GIVEN RECORDS
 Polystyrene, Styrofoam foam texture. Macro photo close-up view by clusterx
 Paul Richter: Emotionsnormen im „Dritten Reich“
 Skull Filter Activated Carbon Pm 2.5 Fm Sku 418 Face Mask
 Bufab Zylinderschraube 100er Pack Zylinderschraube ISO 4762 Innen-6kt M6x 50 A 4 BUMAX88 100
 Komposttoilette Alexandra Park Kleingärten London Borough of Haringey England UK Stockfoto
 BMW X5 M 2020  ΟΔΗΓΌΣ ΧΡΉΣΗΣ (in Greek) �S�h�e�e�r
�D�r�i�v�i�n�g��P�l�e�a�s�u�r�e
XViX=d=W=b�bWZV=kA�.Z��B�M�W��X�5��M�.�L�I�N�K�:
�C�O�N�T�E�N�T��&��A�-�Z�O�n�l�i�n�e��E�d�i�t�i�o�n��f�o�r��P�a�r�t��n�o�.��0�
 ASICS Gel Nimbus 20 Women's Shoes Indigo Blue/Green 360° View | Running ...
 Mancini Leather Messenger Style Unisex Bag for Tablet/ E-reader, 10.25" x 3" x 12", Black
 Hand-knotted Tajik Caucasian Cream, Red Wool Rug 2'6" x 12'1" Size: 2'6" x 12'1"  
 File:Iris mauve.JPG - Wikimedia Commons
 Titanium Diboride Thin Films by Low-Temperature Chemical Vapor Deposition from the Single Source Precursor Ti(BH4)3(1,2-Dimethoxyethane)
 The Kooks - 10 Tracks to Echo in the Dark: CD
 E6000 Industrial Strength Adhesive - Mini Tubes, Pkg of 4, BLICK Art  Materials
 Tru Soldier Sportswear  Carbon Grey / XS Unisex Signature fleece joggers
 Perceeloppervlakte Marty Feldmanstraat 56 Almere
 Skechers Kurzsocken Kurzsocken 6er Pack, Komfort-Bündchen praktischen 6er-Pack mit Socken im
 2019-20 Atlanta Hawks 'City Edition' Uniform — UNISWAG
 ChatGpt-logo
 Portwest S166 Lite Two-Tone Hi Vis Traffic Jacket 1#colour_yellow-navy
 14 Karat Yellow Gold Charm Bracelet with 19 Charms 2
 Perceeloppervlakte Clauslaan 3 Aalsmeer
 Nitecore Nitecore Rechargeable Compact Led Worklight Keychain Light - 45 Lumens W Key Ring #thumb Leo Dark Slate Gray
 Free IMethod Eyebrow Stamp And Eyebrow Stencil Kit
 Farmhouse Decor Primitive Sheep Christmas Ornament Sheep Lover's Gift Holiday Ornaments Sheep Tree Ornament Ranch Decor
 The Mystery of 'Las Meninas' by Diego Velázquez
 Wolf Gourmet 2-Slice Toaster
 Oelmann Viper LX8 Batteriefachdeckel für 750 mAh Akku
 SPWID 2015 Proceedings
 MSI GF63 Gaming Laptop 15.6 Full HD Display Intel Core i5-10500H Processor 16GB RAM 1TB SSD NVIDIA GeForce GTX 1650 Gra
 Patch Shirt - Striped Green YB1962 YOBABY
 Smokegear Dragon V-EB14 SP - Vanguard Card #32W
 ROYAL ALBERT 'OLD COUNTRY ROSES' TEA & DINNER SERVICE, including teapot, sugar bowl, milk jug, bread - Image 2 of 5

TASK GOAL
Go through the records above and, whenever a line includes the word "Unisex", copy it.

OUTPUT
 Mancini Leather Messenger Style Unisex Bag for Tablet/ E-reader, 10.25" x 3" x 12", Black
 Tru Soldier Sportswear  Carbon Grey / XS Unisex Signature fleece joggers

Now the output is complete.